Lemon did not immediately respond to a request for comment, but said in an email earlier this week that “it is remarkable that I was chosen as the face of a protest that I was covering as a journalist — especially since I was not the only journalist present.”

Chairman of the FedJerome Powell, whom Trump appointed to head the Federal Reserve during his first administration, become a frequent target of the president for not lowering interest rates as much as he would like.

Since July, Trump has broadened his attacks by criticizing the Fed’s budget overruns. a multi-billion dollar renovation of two of the central bank buildings in Washington, D.C. He told reporters in late December that he thought he would sue Powell for work-related “incompetence.”

This month, Powell revealed that the Justice Department had served the central bank with “grand jury subpoenas, threatening criminal indictment” related to its testimony before the Senate Banking Committee regarding the renovations. He also said he believed the real purpose of the investigation was to put pressure on him to I hope he lowers interest rates.

U.S. Attorney for the District of Columbia Jeanine Pirro, a longtime Trump ally, said in a statement post on that his office had “contacted the Federal Reserve multiple times to discuss the cost overruns and the president’s testimony to Congress, but were ignored, necessitating the use of legal proceedings – which does not constitute a threat.”

Democratic lawmakersA group of Democratic lawmakers that Trump has accused of sedition said this month that they were under investigation by federal prosecutors for their participation in a video urging members of the army and the intelligence community not to follow illegal orders.

Four of the six — Sen. Elissa Slotkin of Michigan and Reps. Jason Crow of Colorado, Maggie Goodlander of New Hampshire and Chrissy Houlahan of Pennsylvania — said they were contacted by Pirro’s office about their involvement in the video.

Crow said they were all in “the same situation.” “The administration has decided to arm the Justice Department to try to silence its political opponents and suppress dissent. But we are members of Congress, we will do our duty.”

The Pentagon, for its part, decided at the beginning of the month to demote rank and pay from another of the video’ Among the participants was Senator Mark Kelly of Arizona, a retired Navy captain. Kelly filed suit against Secretary of Defense Pete Hegseth, alleging that this effort is “punitive retaliation.”

Complaints, but no DOJ actionNot everyone who Trump says should be prosecuted is being investigated.
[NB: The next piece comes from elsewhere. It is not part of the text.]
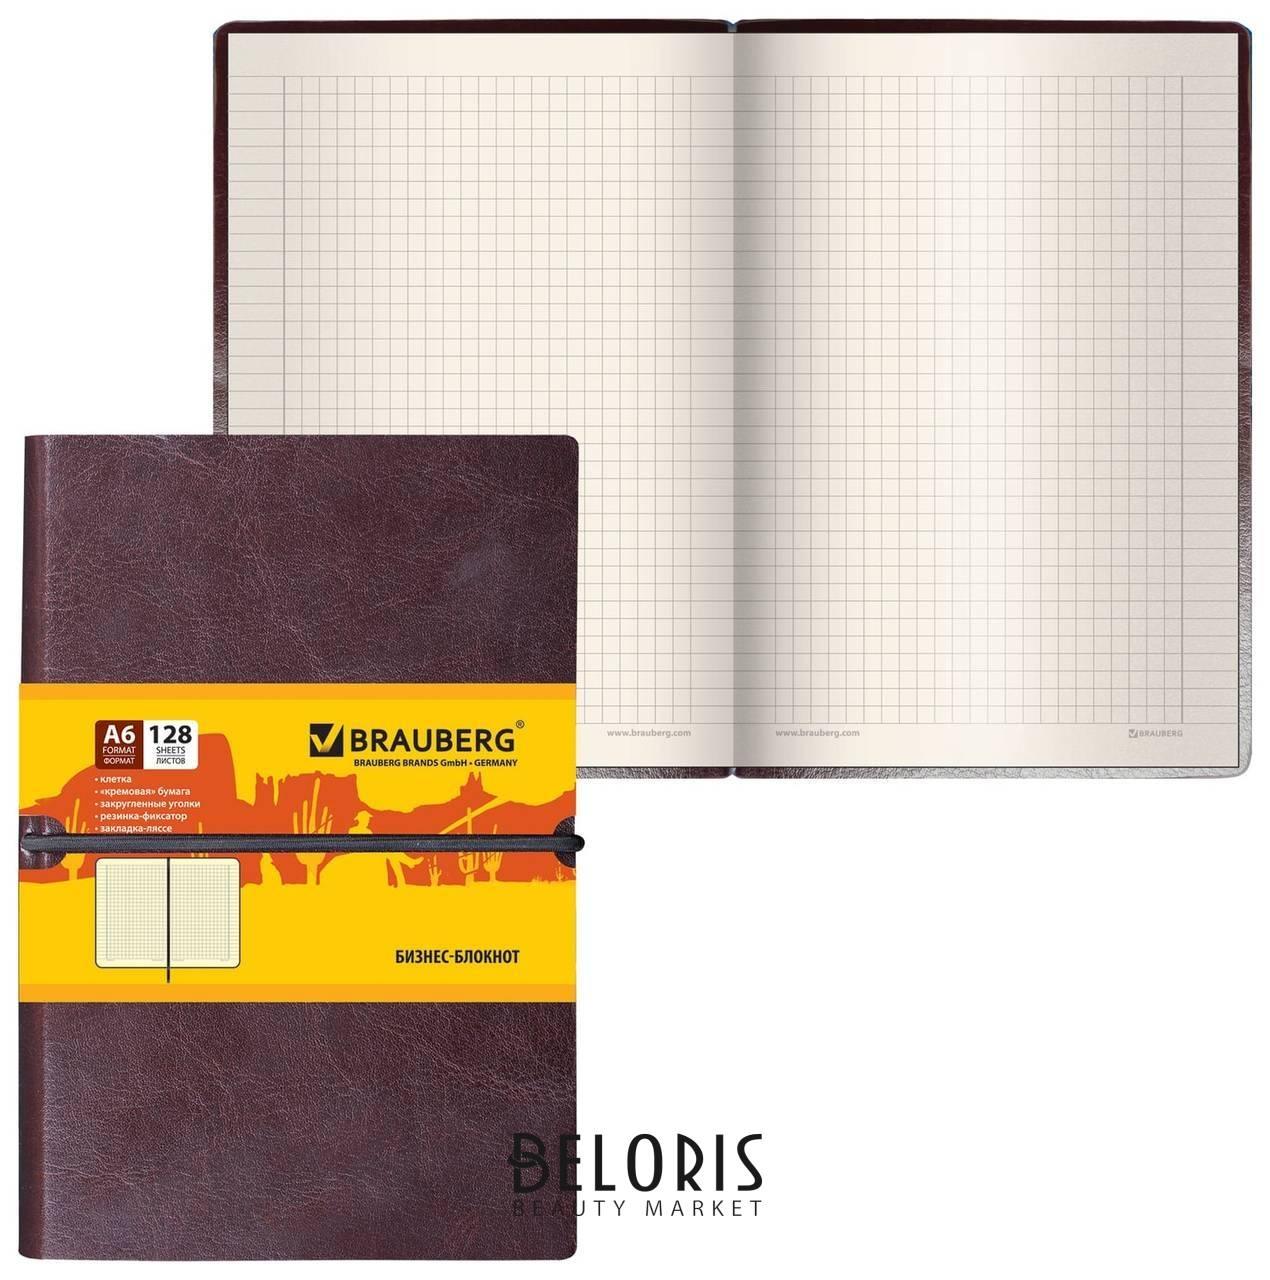 Блокнот малый формат (100х150 мм) А6, Western, 128 л., гладкий кожзам, резинка, клетка, коричневый Brauberg

In remarks to reporters Tuesday marking his first year in office, Trump took aim at prosecutors who charged him with crimes while he was out of office.
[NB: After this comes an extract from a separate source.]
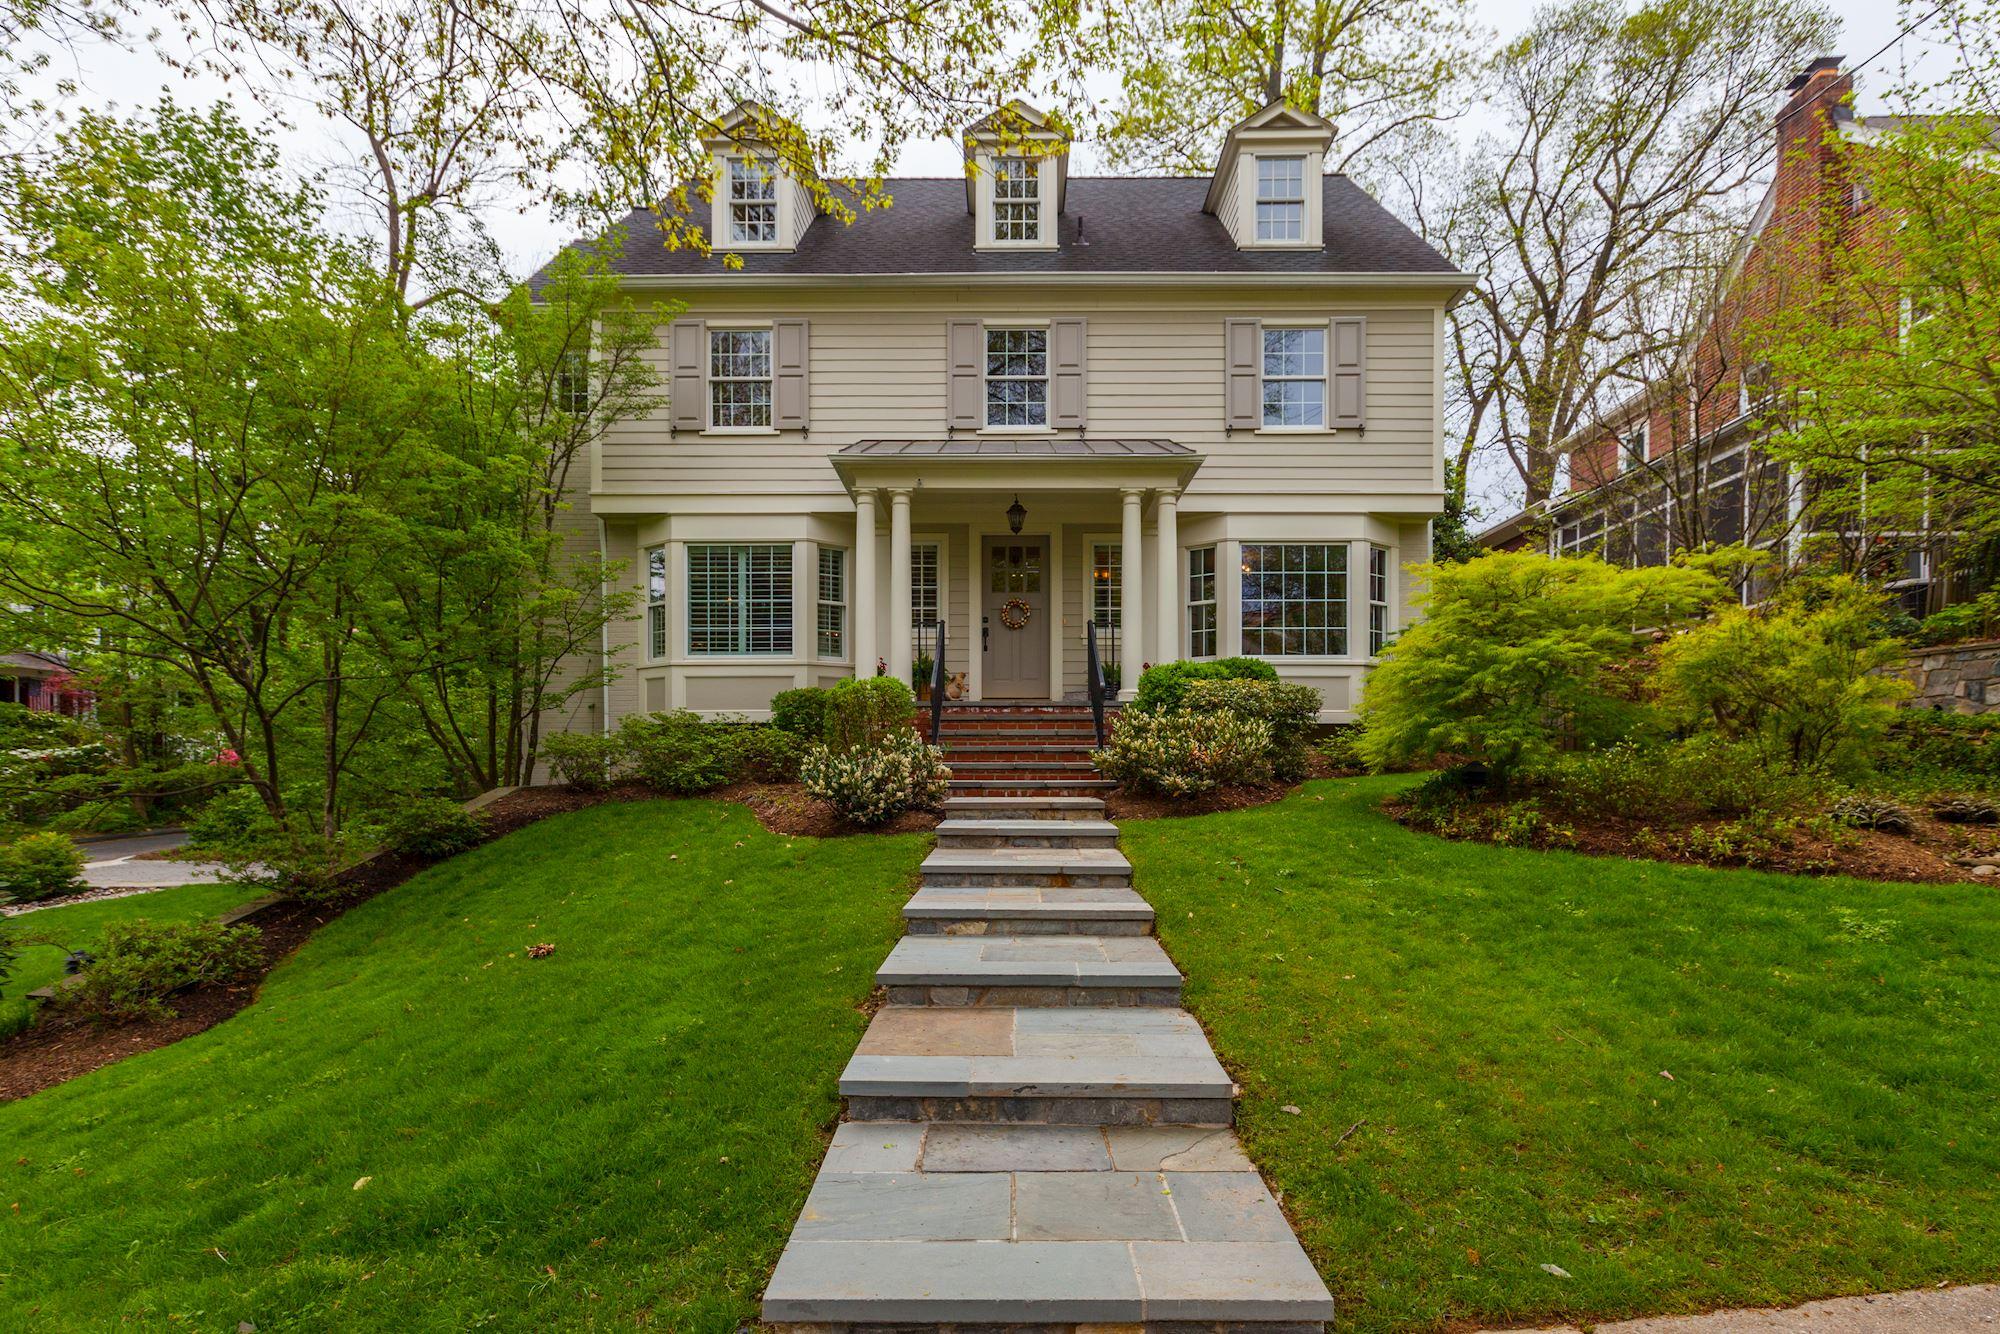 Featured Neighborhood: Chevy Chase

He called Jack Smith, the former special counsel who accused Trump of mishandling classified information and a criminal scheme to overturn the 2020 election, a “sick guy.”

Fulton County District Attorney Fani Willis, who accused Trump of plotting to overturn Georgia’s election results, is also “sick,” Trump said, as is Manhattan District Attorney Alvin Bragg, who won a criminal conviction against Trump for falsifying business records.

Trump is appealing this conviction, and the Smith and Willis cases have been finally rejected after Trump’s election.

“I won,” Trump said. “And then, if I suggest that someone might be guilty of a terrible crime: ‘Oh, he’s militarizing the government. Trump is militarizing the government. It’s terrible!’ Can you imagine?

“I don’t use anything as a weapon,” he continued. “But what they did to me, no one has ever gone through what I went through, and here I am in a place called the White House. It’s a beautiful place. Who would have thought it, right?”

On Thursday, as Smith testified before Congress about his role as special counsel, Trump wrote on Truth Social”I hope the Attorney General takes a look at what he did, including some of the crooked and corrupt witnesses he tried to use in his case against me. This was all a Democratic scam – they should pay a high price for what they did to our country!”

Dareh Gregorian is a political reporter for NBC News.

Ryan J. Reilly is a court reporter for NBC News.